То, из-за чего и Ксю готова была насмерть стоять за своего тюремщика.
Гоша устало закрыл глаза. На душе у него скребли кошки. Он не хотел думать о том, какие отношения могли сложиться у Ксюши с Артёмом во время её пребывания в плену. И не хотел соглашаться с предположением, казавшимся ему сейчас единственно очевидным.
Потому что пока он просто не мог этого понять.
Глава 52
Глава 52
Луч фонарика, направленный Ксюше прямо в глаз, был буквально ослепляющим. Она моргнула, стараясь сдержать стремительно набегающие слёзы. Пара секунд – и вот аналогичной процедуре подвергся уже второй глаз.
Очередной осмотр. Ничего нового.
Всё это казалось таким же странным, как и само её пребывание здесь. Ещё с детства у Ксении сохранились неприятные воспоминания о том, как в пять лет пролежала в детском отделении с тяжёлым гриппом, и с тех пор надеялась, что ей больше не придётся испытывать на себе прелести длительного стационарного лечения.
Впрочем, здесь было что-то иное. Да – так же, как и двадцать пять лет назад, она снова оказалась в центре пристального внимания докторов и медицинских сестёр. Несмотря на то, что сейчас Ксюша не являлась больной, к ней относились так, будто она представляла собой невиданное явление – только что найденная во время экспедиции на чужую планету новая форма жизни, или обыватель, убивший голыми руками в океане множество окруживших его кровожадных акул. Явление удивительное, непредсказуемое и неизученное. И потенциально опасное – такое, что на всякий случай лучше держать в закрытой одиночной палате с охраной.
За время, прошедшее с момента поступления Ксюши в больницу, её осмотрели, наверное, врачи почти всех специальностей (хвала небесам, хоть не патологоанатомы – мрачно шутила она про себя). Поначалу Ксюша пыталась этому сопротивляться – но вскоре ей сделалось всё равно. Для себя же лучше – при особенно высказываемом недовольстве (таким, к примеру, всегда сопровождались осмотры у гинеколога), ей вводили дополнительные дозы седативных средств – к тем, что она и так получала три раза в день.

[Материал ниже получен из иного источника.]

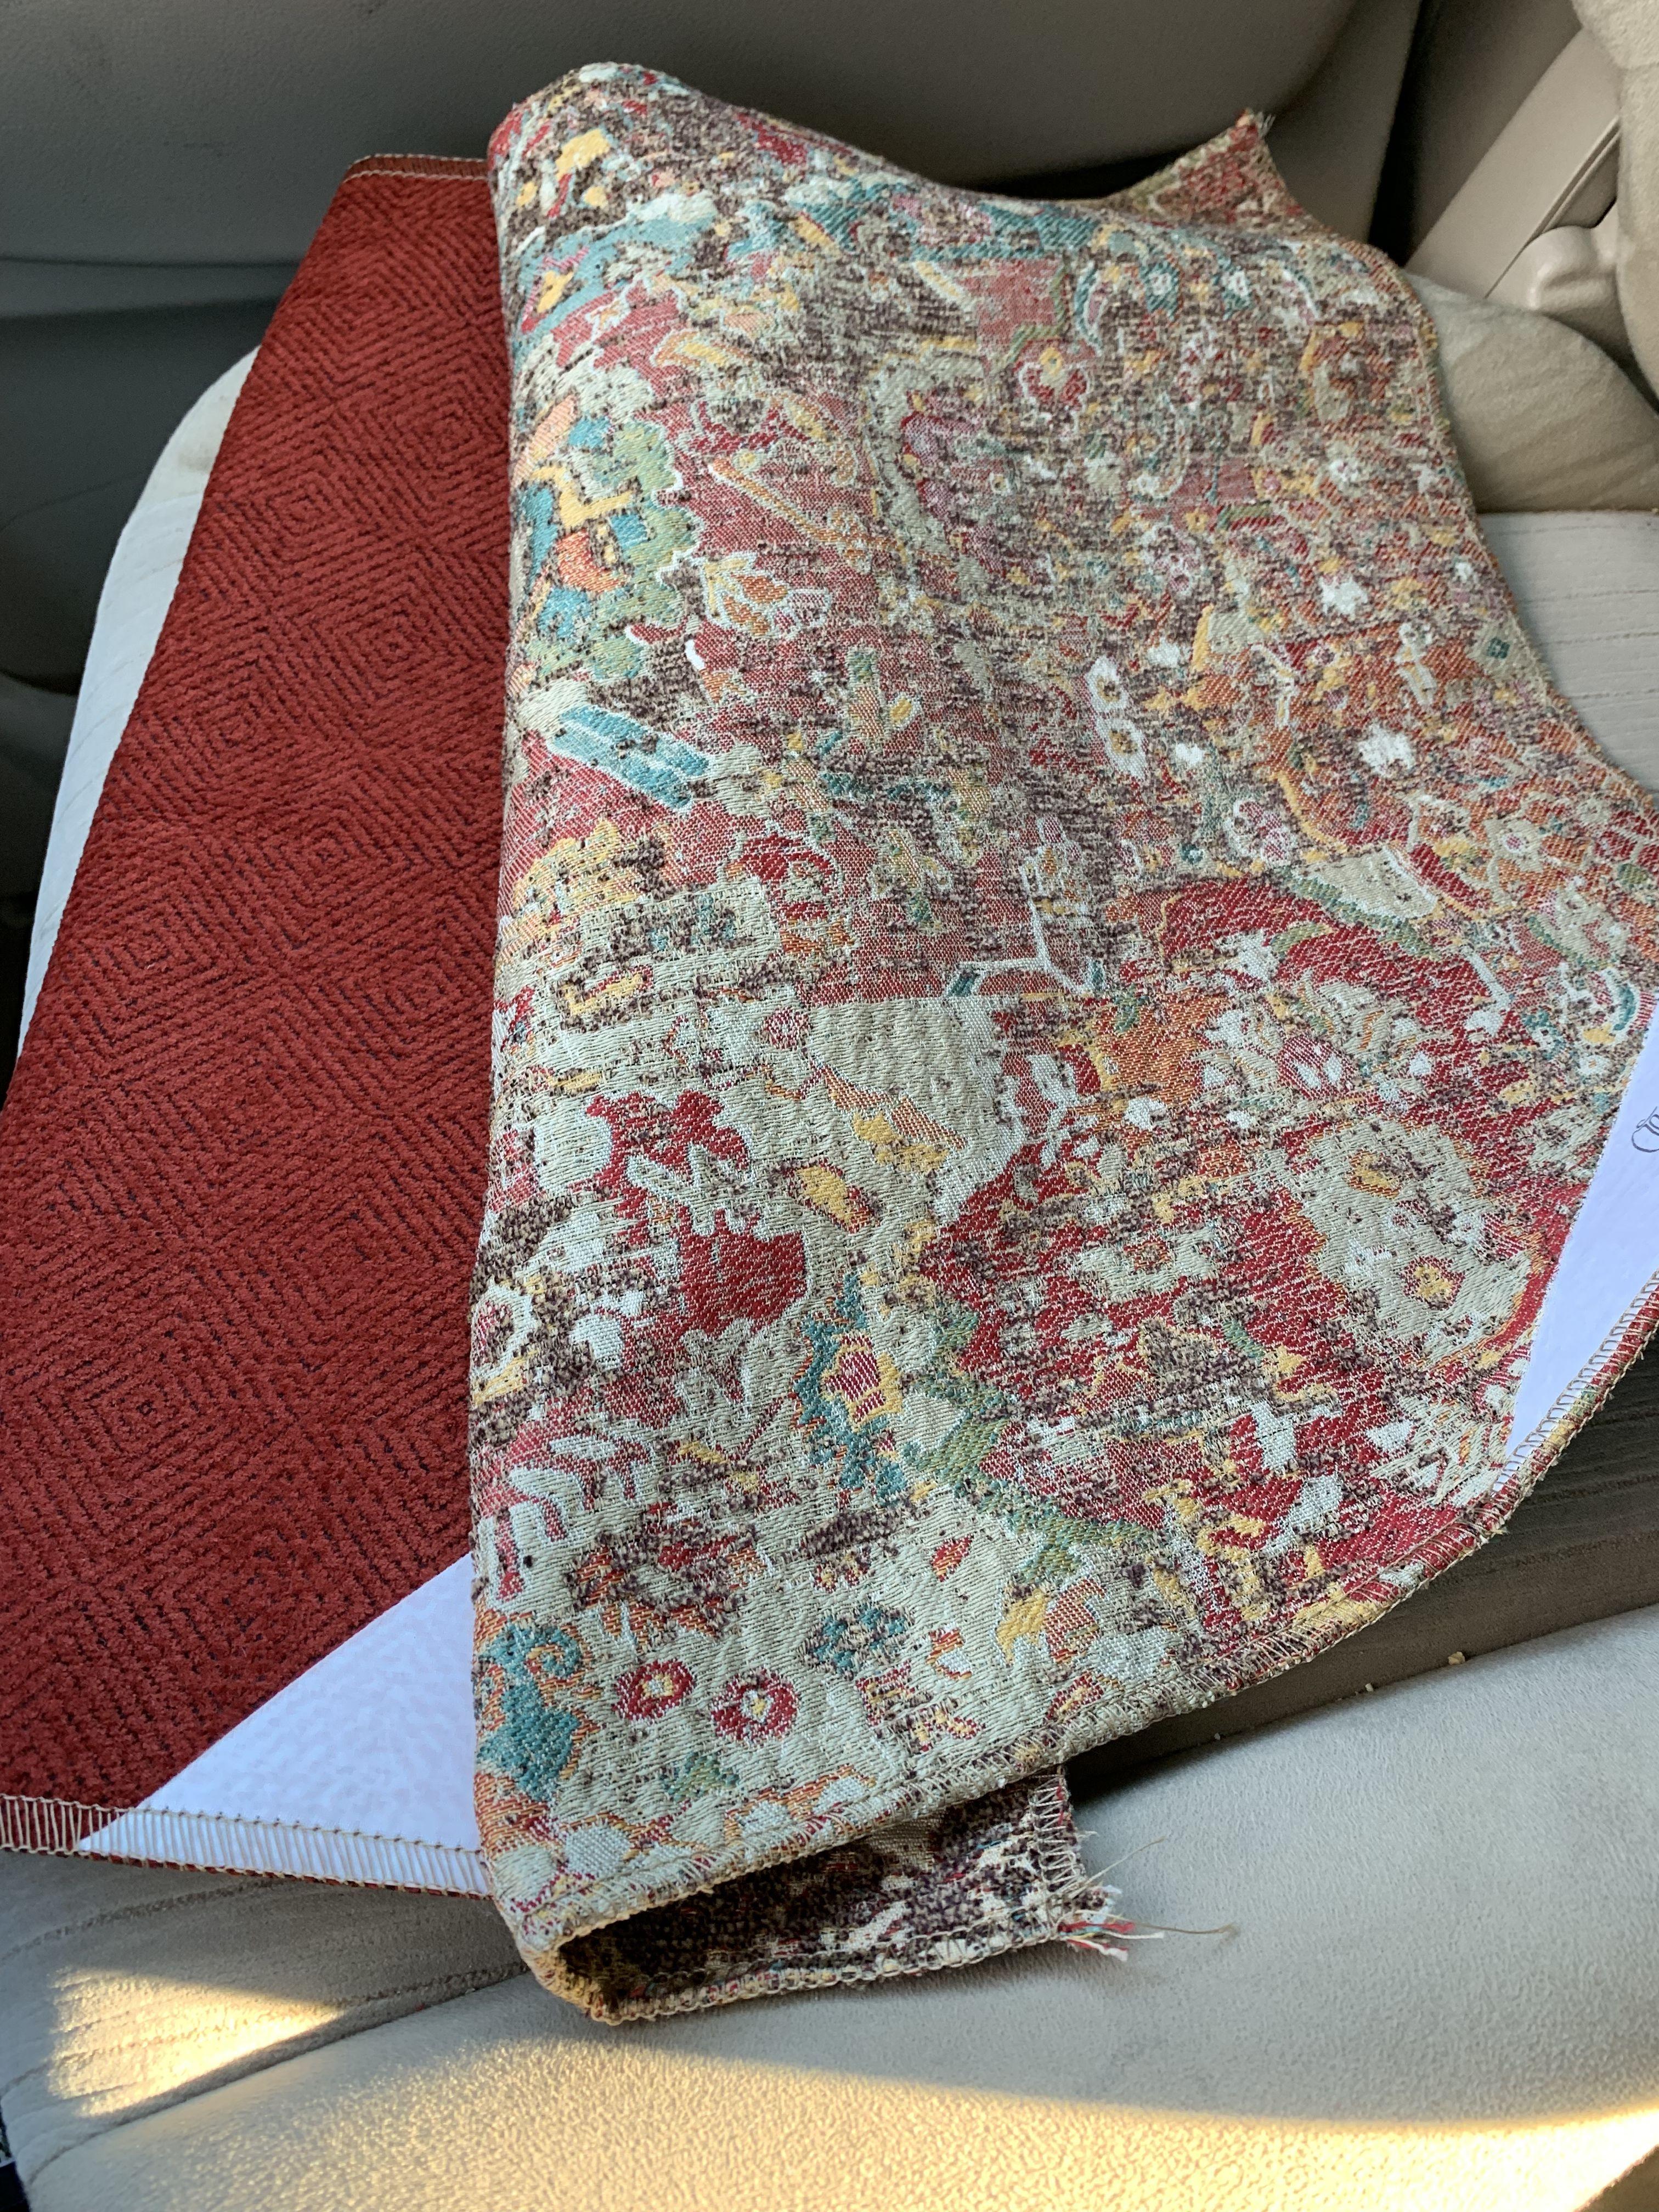 Crypton Fabric On Sofa Print On Pillow Front Crypton Fabric

Этот факт, или же её собственные эмоции превратили реальность в вязкий, серый кисель – стало абсолютно неважно. В конце концов, доктора, выполняющие свою работу в больнице – пусть даже считавшие нового пациента некой диковинкой – не были чем-то необычным. Чего нельзя было сказать о полицейских.
Примерно на четвёртый день её пребывания здесь (насколько точно Ксюша могла быть уверена в дате), к ней в палату зашёл высокий мужчина с тёмными растрёпанными волосами лет примерно около тридцати пяти. Его серые сильно измятые брюки странно гармонировали с шёлковой, белой, и явно дорогой рубашкой, поверх которой посетитель набросил больничный халат. Представившись майором следственного комитета, он сел на тут же принесённый ему стул, достал из портфеля ручку, листы, сделал скорбную мину, и принялся осторожно, будто беседуя с буйной сумасшедшей, убеждать Ксюшу рассказать всё, что произошло с ней с момента выхода из «Вишневого света». Делать это ему пришлось довольно долго – в силу того, что она просто не могла ни о чём говорить. Может, потому, что большая часть произошедшего тем вечером и в первые дни плена почти не отложилась в её памяти – а может, из-за того, что при любом отзвуке упоминания Артёма внутри снова открывалась огромная кровоточащая дыра.